━━ Dataset extract ━━

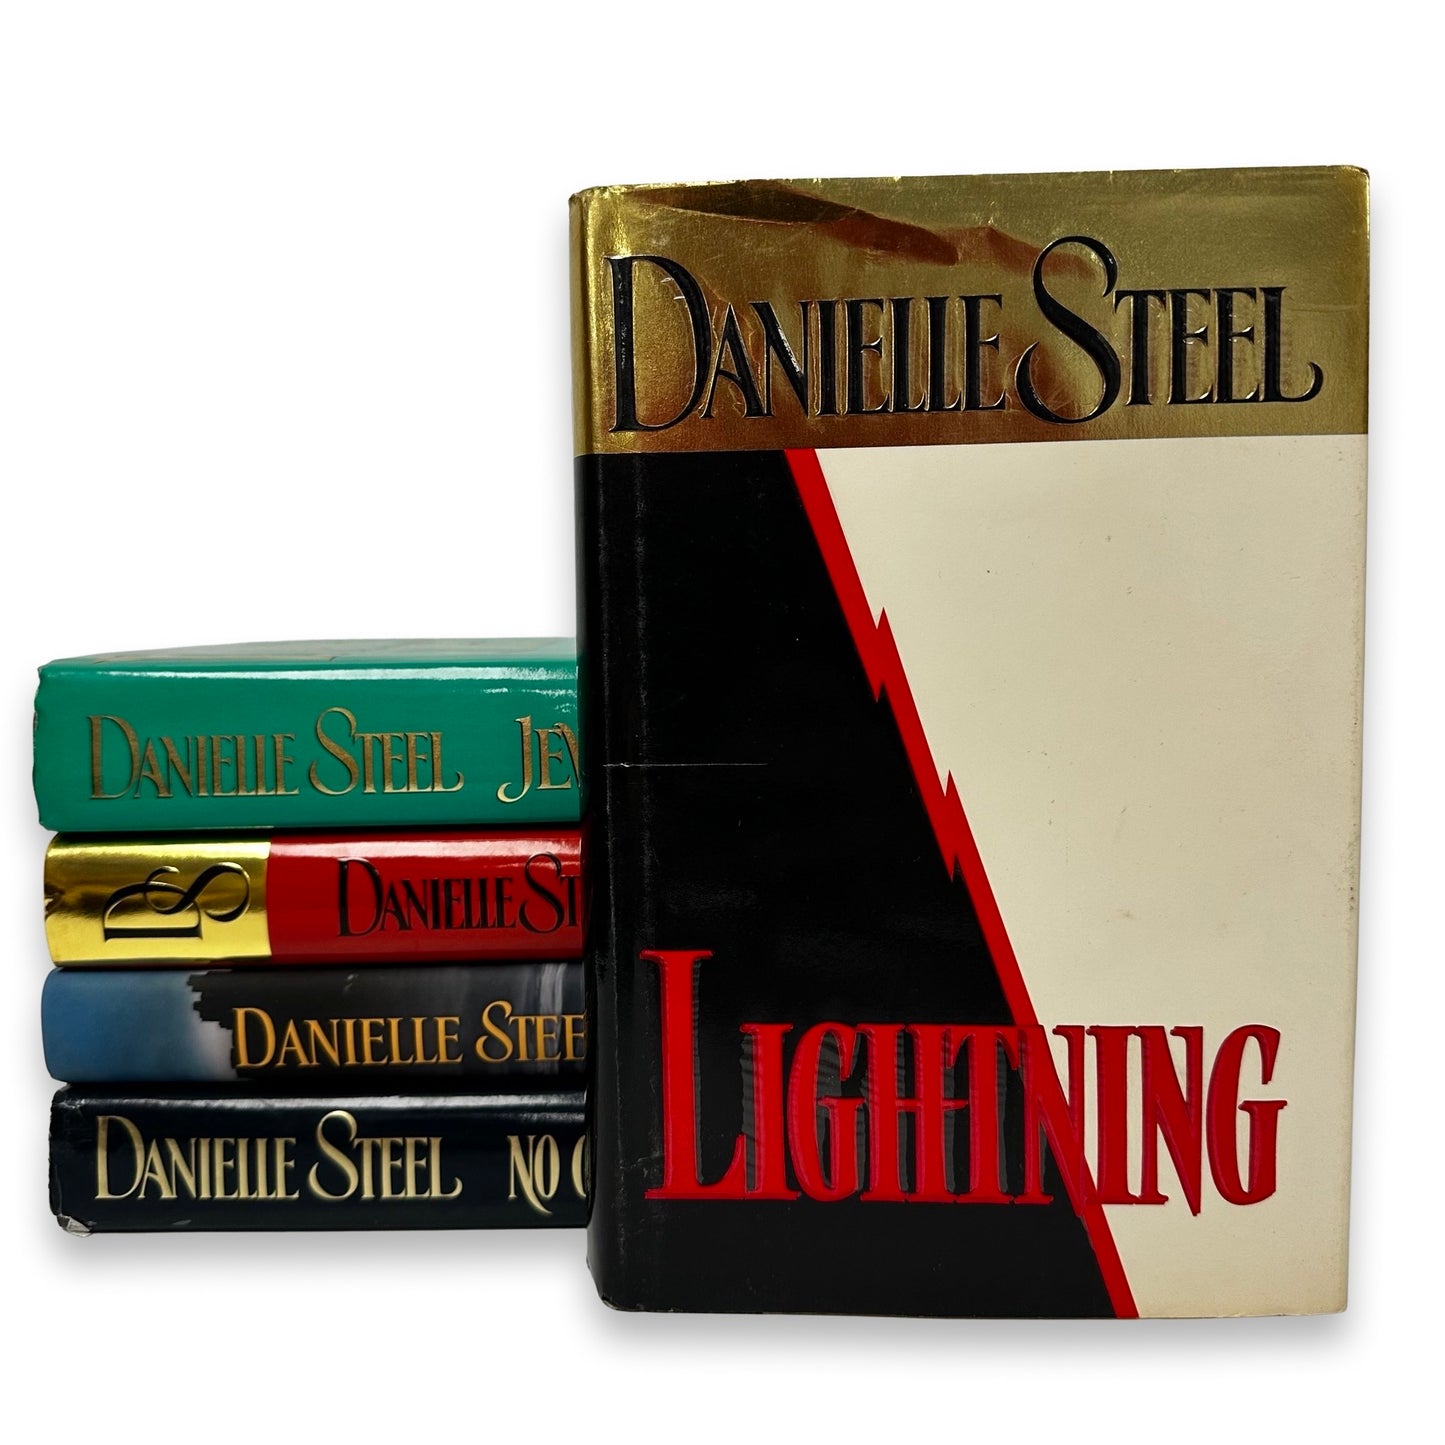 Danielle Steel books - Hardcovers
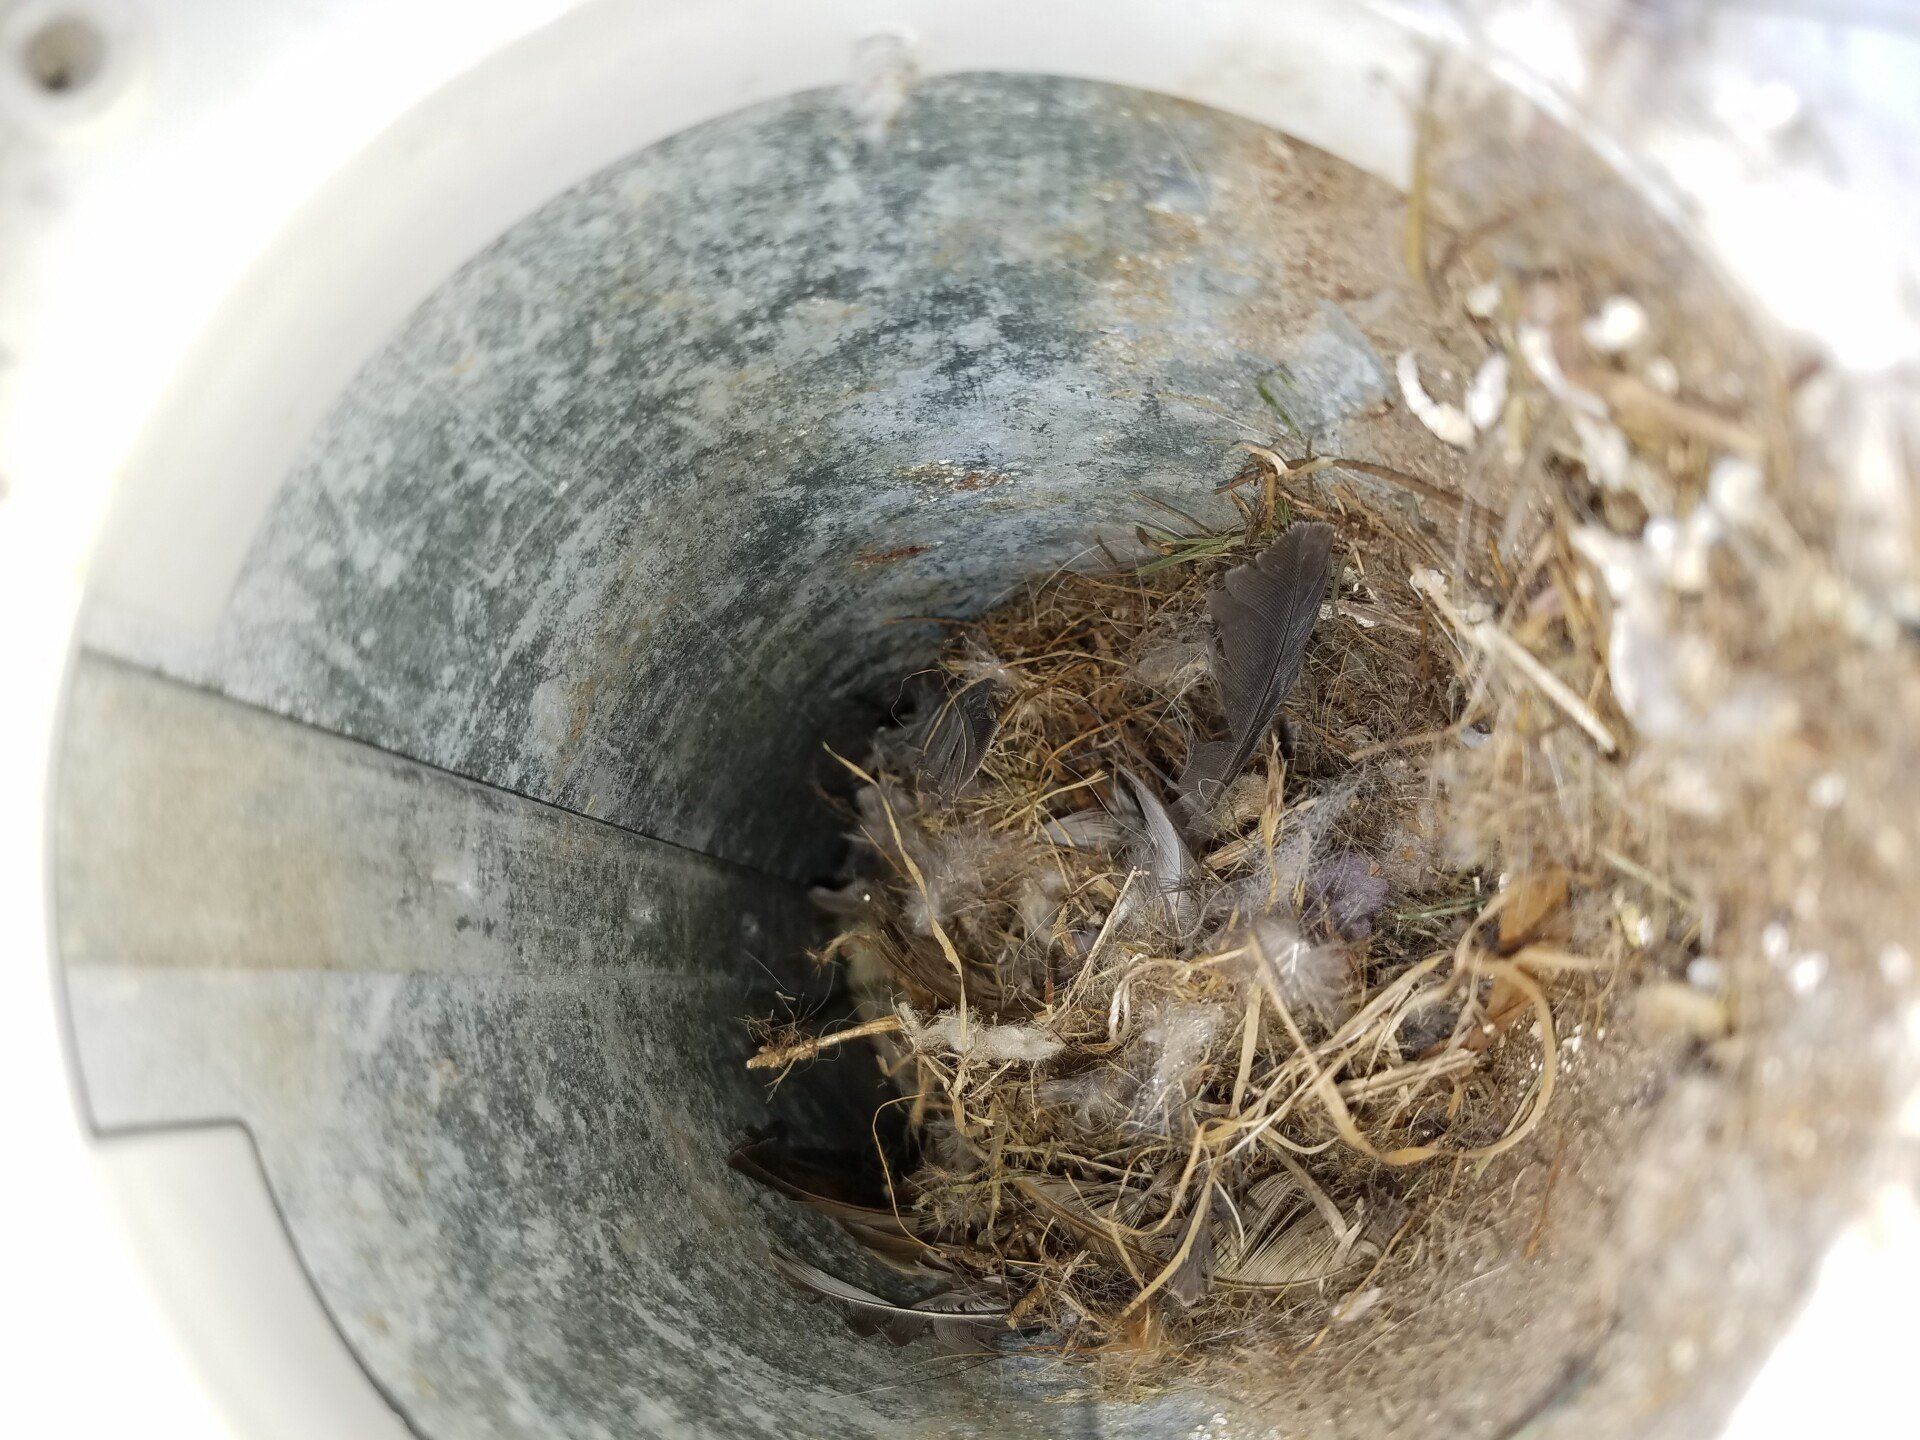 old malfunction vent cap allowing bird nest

━━━
━━ Dataset extract ━━

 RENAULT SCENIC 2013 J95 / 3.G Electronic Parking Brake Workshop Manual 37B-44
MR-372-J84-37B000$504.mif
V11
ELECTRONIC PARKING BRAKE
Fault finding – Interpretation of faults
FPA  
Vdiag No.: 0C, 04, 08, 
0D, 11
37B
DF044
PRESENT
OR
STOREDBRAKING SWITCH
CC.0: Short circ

━━━

■ What needs to be done ■
Give back exactly the lines of the listing above from the one that contains "Danielle Steel books - Hardcovers" up to and including the one that contains "old malfunction vent cap allowing bird nest", but not the pictures, and no other lines.

■ Answer for the task ■
 Danielle Steel books - Hardcovers
 old malfunction vent cap allowing bird nest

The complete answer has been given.